# [Action item]
The lines below, from the one containing "登るバスタブマーケティングきき湯 クレイ重曹炭酸湯 つめかえ用" through the one containing "Gemütliches Hotel mit", should be set down exactly, with no pictures and nothing else.

# [Data provided]
⁂

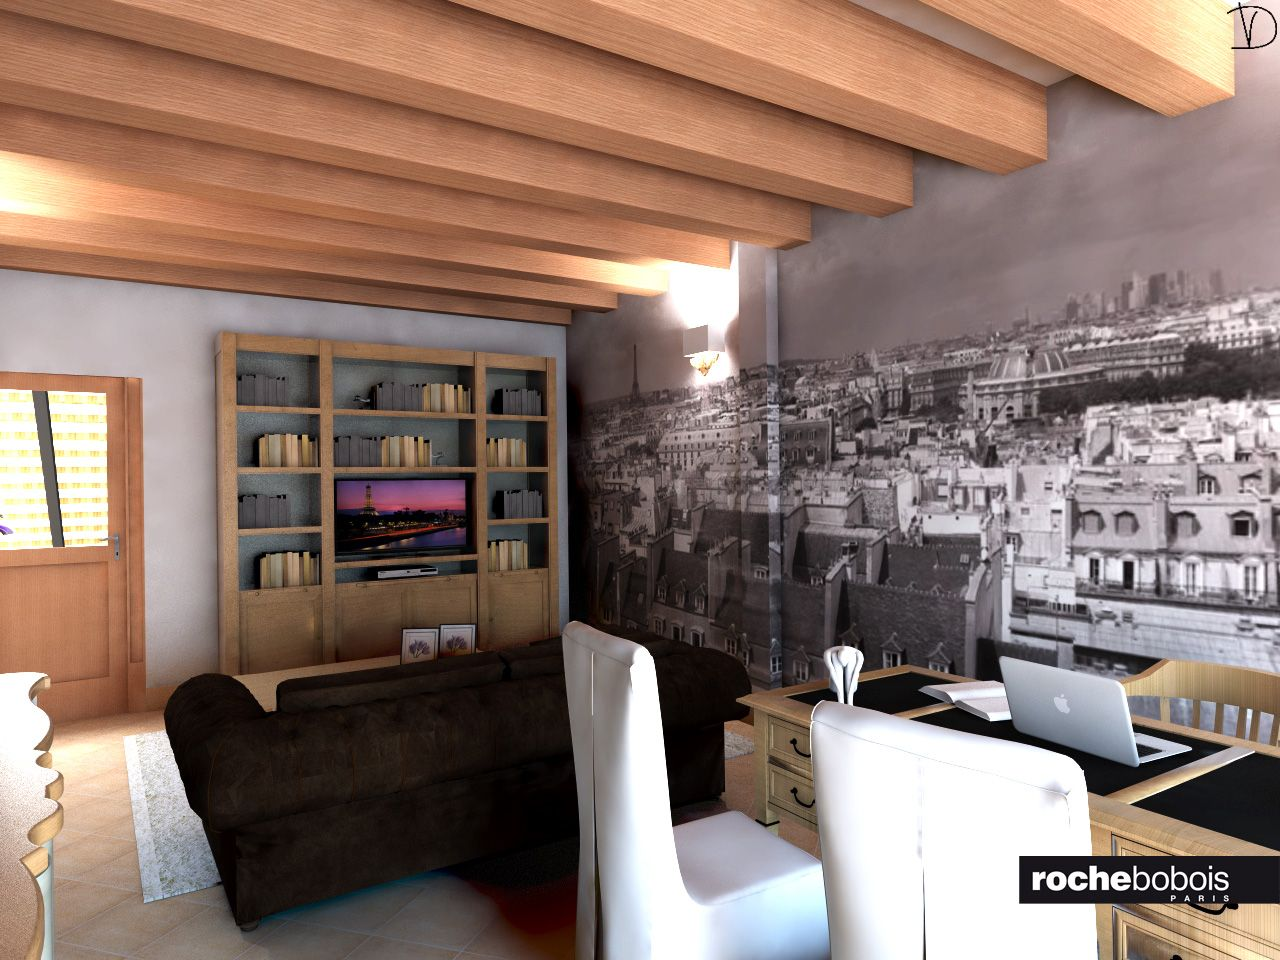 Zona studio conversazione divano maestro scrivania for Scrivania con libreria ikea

⁂

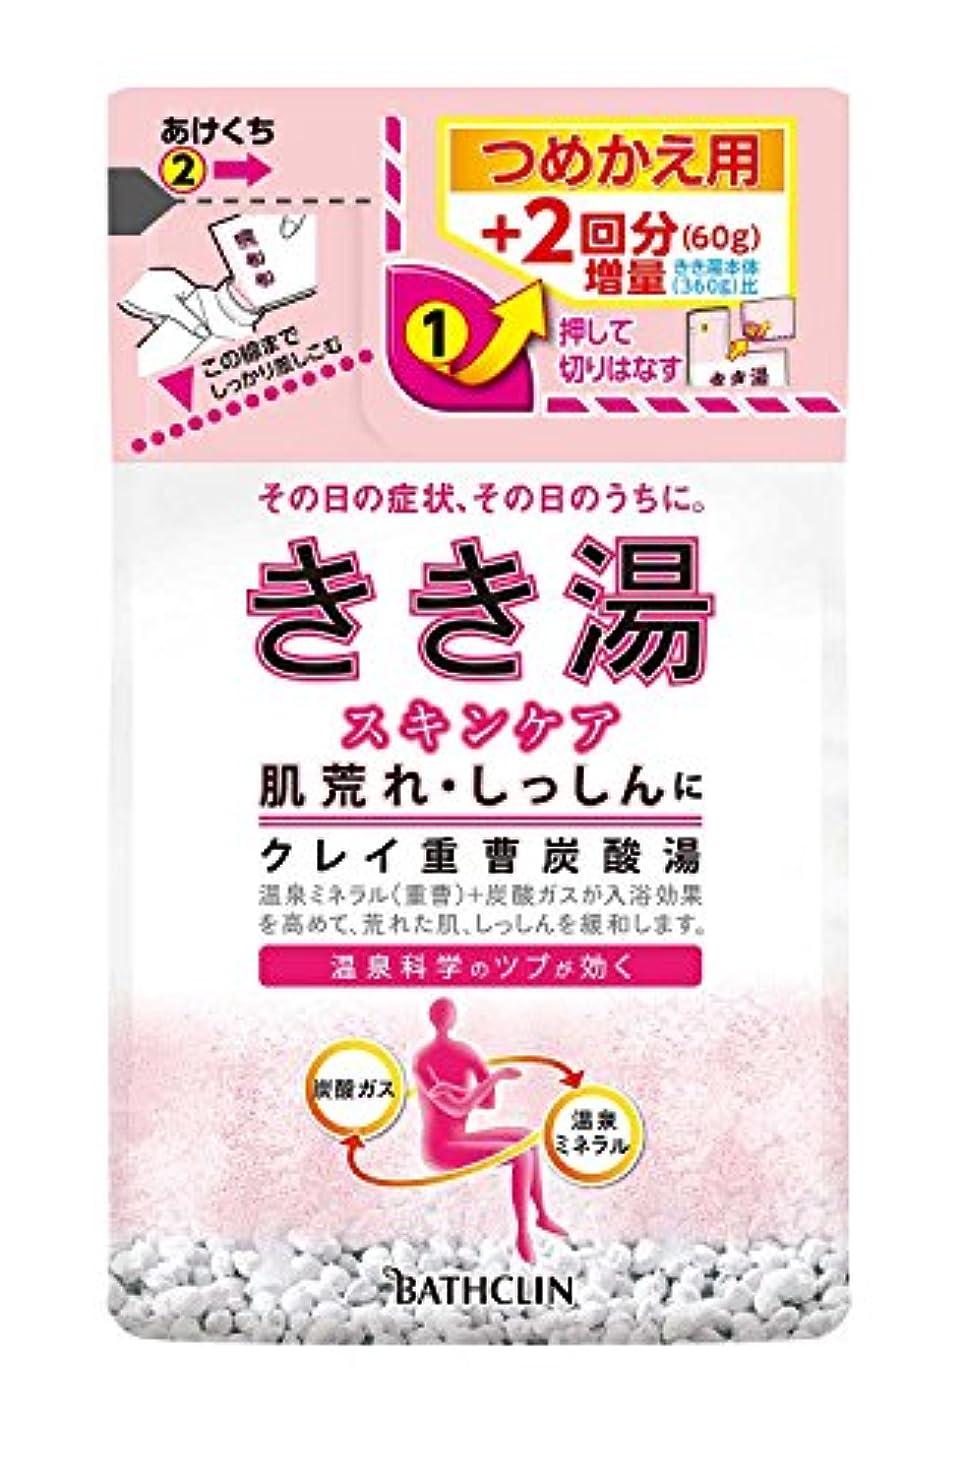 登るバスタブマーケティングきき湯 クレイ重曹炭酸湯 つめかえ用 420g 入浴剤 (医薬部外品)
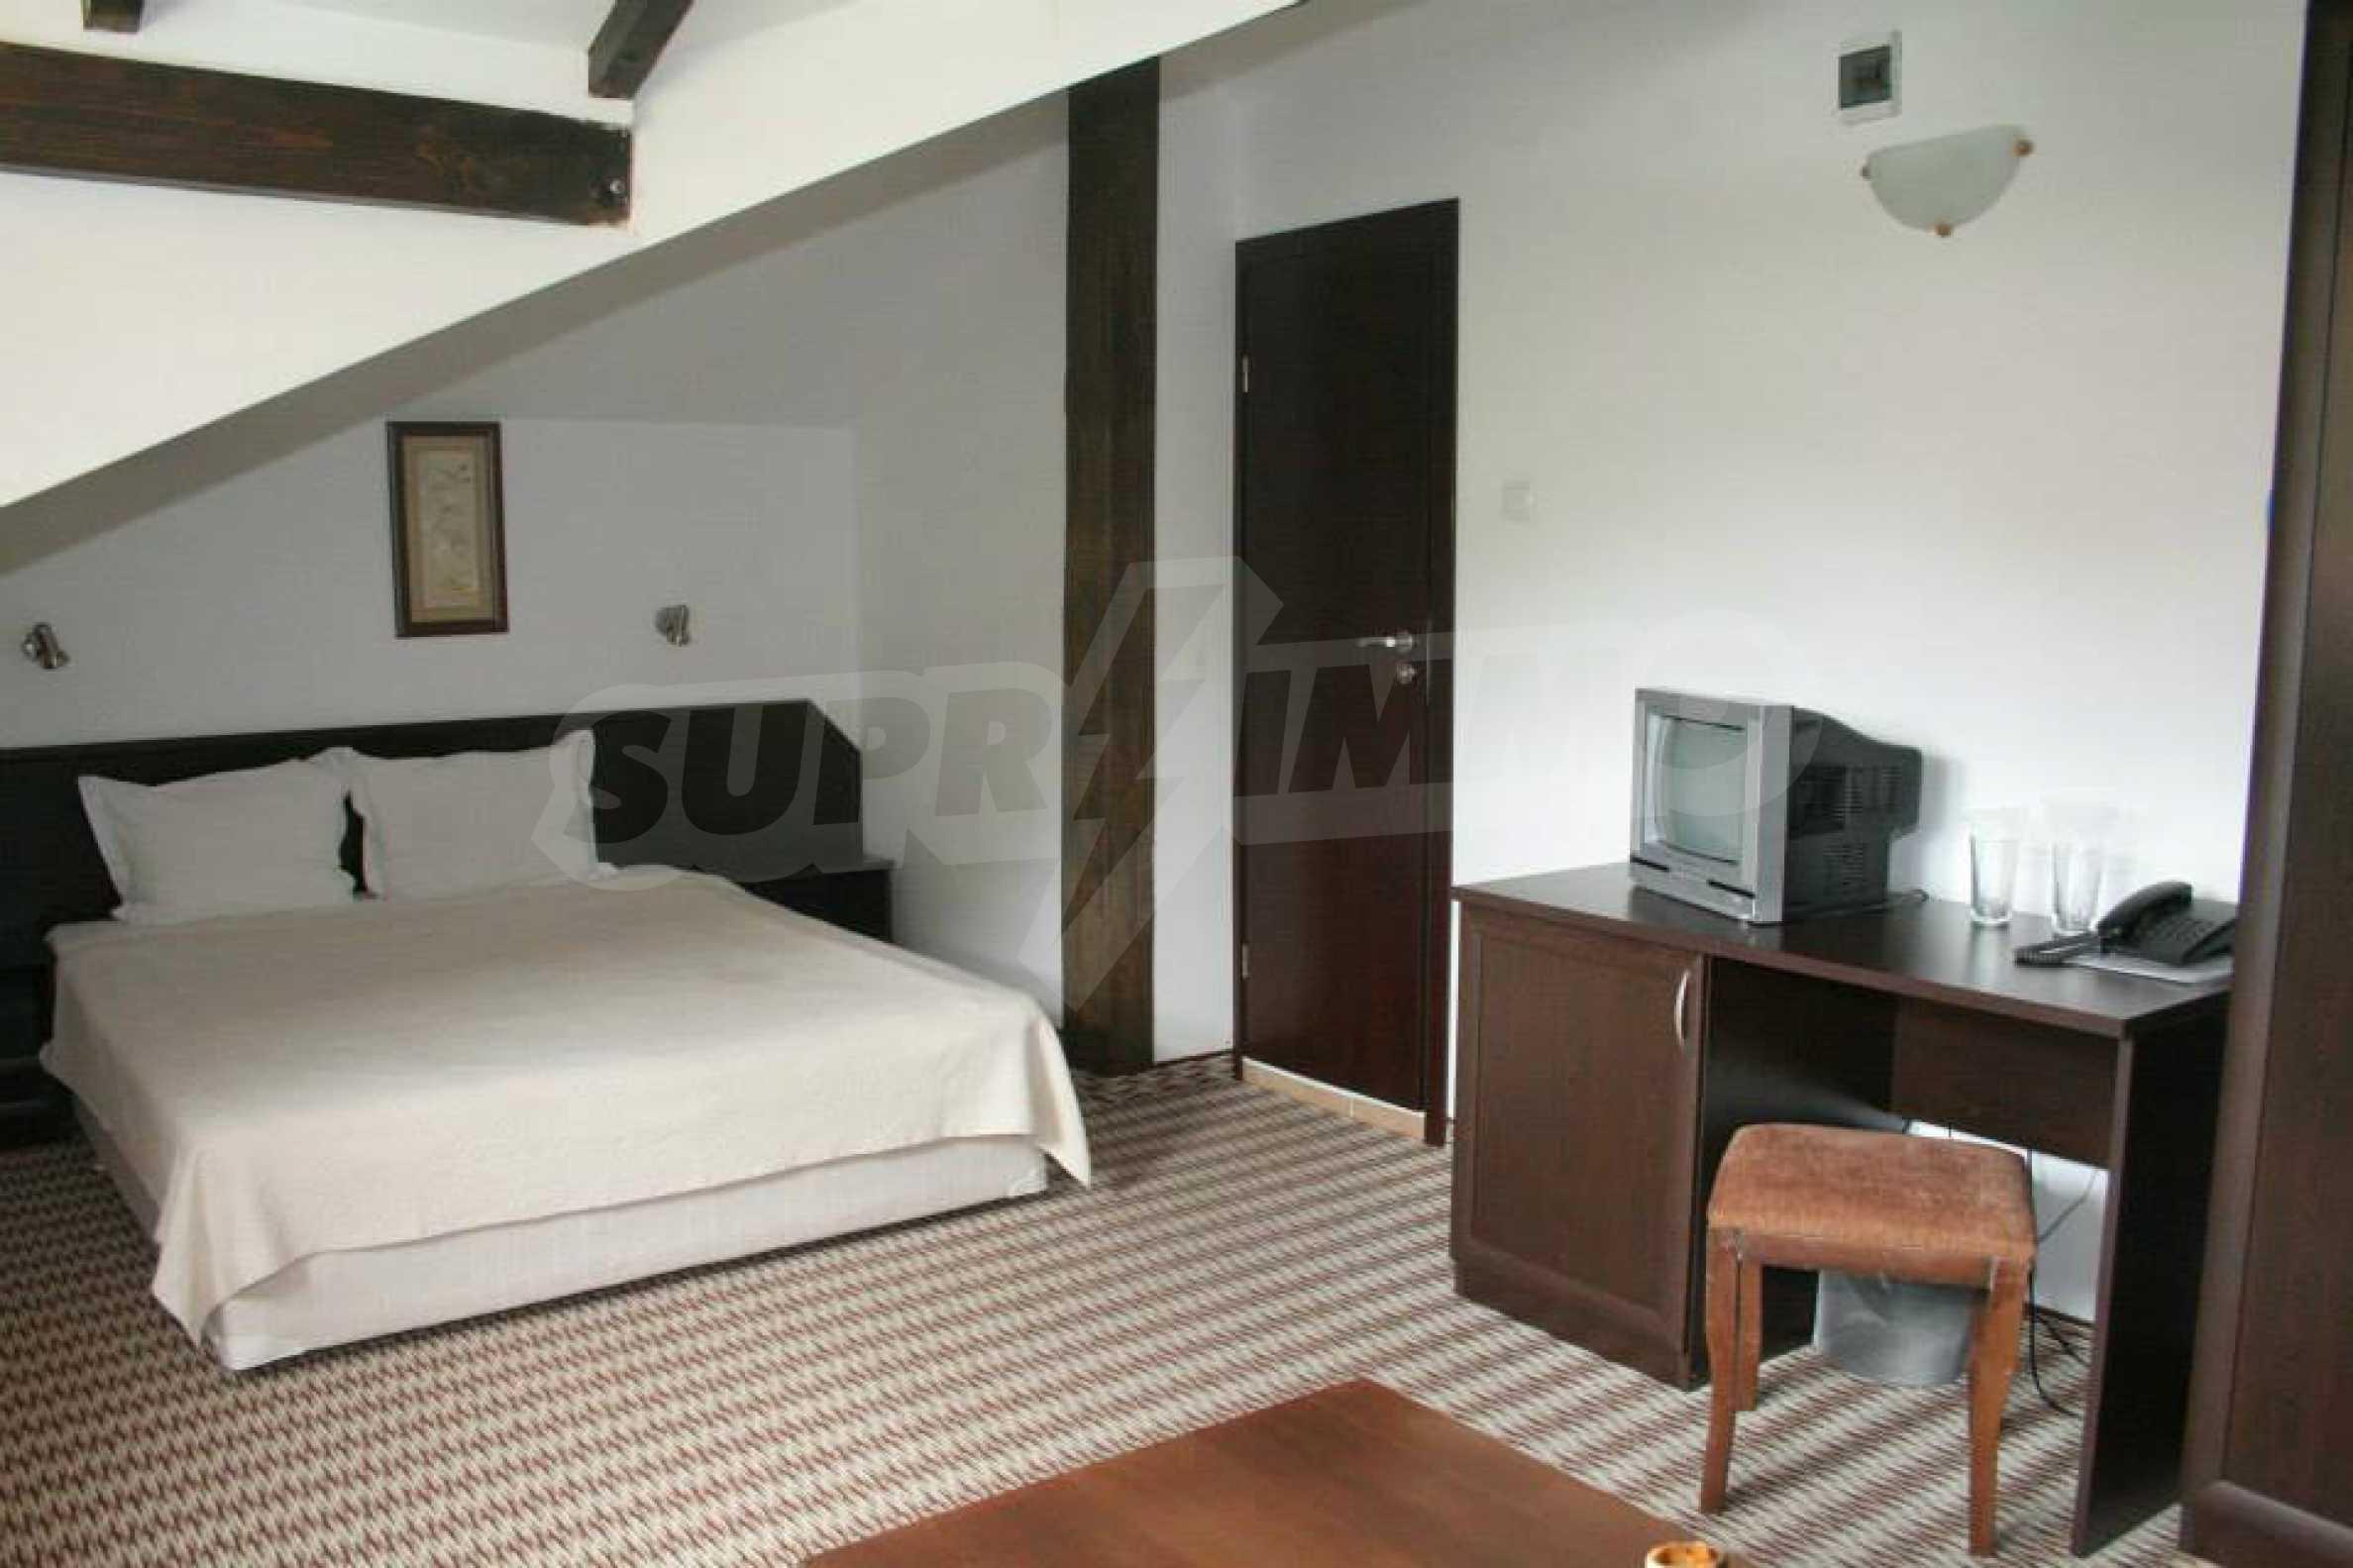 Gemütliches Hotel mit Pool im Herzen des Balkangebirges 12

⁂

# [Answer to this problem]
 登るバスタブマーケティングきき湯 クレイ重曹炭酸湯 つめかえ用 420g 入浴剤 (医薬部外品)
 Gemütliches Hotel mit Pool im Herzen des Balkangebirges 12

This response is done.